Note de lecture

3 Août 2016

Les frontières de la laïcité

Frédérique De La Morena

Collection système, Lextenso-éditions. 24€

Frédérique De La Morena nous offre là un livre, où il est question des frontières juridiques de la laïcité, qui va devenir essentiel à tous les militants soucieux de sa défense. L’auteure s’y emploie à identifier ces frontières par rapport au droit et ainsi y constate une forme d’effondrement du principe de laïcité dû, entre autres, aux accommodements divers constatés dans la sphère publique, trop souvent au bénéfice du privé s’exprimant à travers les lobbies religieux.

L’analyse juridique est serrée et les renvois à des décisions judiciaires : Tribunaux administratifs, Instances d’appel ou Cour de Cassation nombreux qui pointent la formation d’un corpus jurisprudentiel paradoxal, voire à la limite incohérent. Démonstration en est fait par De La Morena notamment quand elle analyse les régimes des collectivités d’Outre-Mer, qui traînent encore des dispositions datant de l’ordonnance royale du 28 août 1828 pour la Guyane : « qui ne reconnaît qu’un seul culte, le culte catholique », ou bien encore le statut d’Alsace-Moselle, maintenant le régime concordataire napoléonien, juridiquement identifié comme un « quasi traité international ». Dans le cas d’espèce, c’est au Conseil d’État et au Conseil Constitutionnel qu’elle reproche de produire une jurisprudence s’appuyant sur le constat que « ni la Constitution de 1946 ni celle de 1958 n’évoquent le particularisme du droit local » d’où ils tirent argument pour ne pas trancher : qui ne dit rien consent, semble être leur philosophie.

Cette attitude constante à pour effet de renvoyer le problème au législateur, lequel se dérobe depuis 1918 malgré qu’il a le pouvoir, sinon le devoir, de supprimer le droit local au nom de l’égalité des citoyens et de l’indivisibilité de la République.

En conclusion, citons De La Morena : « Le droit doit être lisible et compréhensible pour être crédible », c’est pourquoi elle appelle le rétablissement par le droit des véritables frontières entre  religieux et politique, entre sacré et profane, entre foi et loi, entre immanence et transcendance.

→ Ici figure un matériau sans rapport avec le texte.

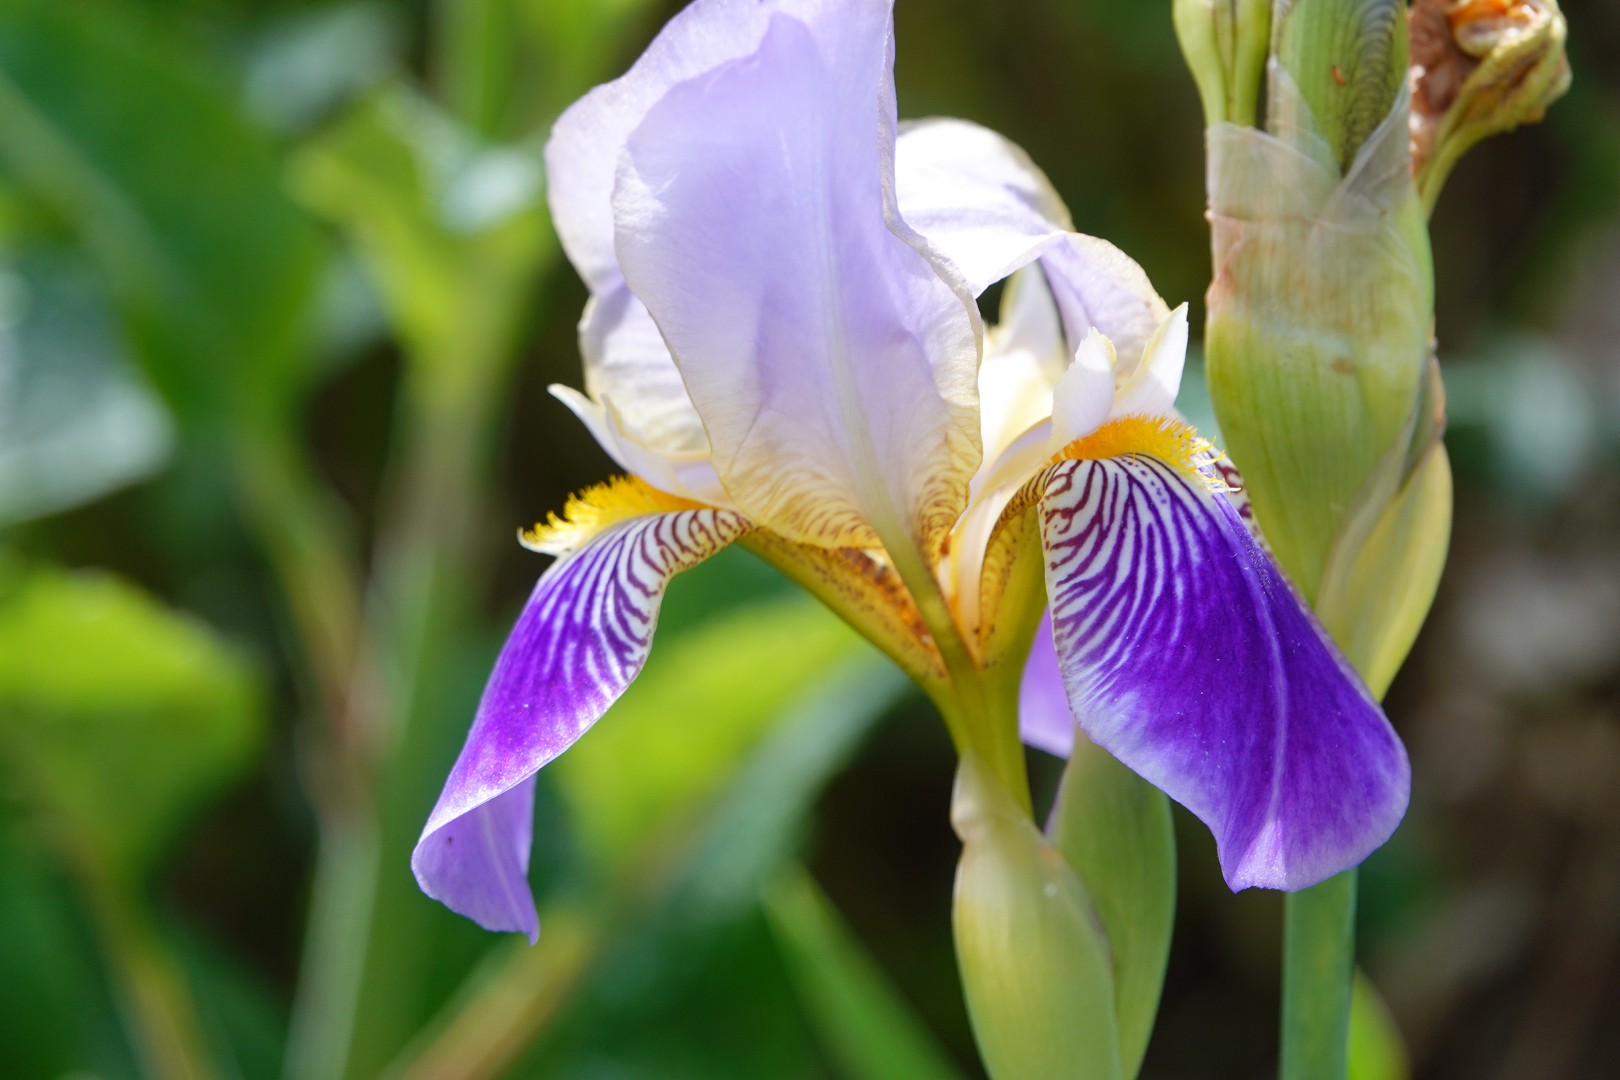 Iris in bloei

On ne peut que la suivre dans cette démarche.

Addendum. Il y a peu, un camarade de la section du Jura, constatait devant moi le peu d’intérêt du public pour la laïcité, phénomène qu’il attribue au fait du manque de culture laïque des gens, manque qu’il impute à l’idée que la laïcité serait pour eux une évidence établie, et basta ! Aussi sa question était-elle ; que leur faire lire quand ils nous demandent conseil ? Je vous livre ma réponse : Henri Pena Ruiz et Catherine Kinztler pour la philosophie, Eddy Khaldi pour le dispositif juridique et réglementaire, Gérard Delfau pour l’histoire.

J’y ajoute aujourd’hui Frédérique De La Morena pour l’analyse fouillée de la laïcité dans son environnement judiciaire et jurisprudentiel.

Voilà cinq auteurs indispensables à notre armement intellectuel.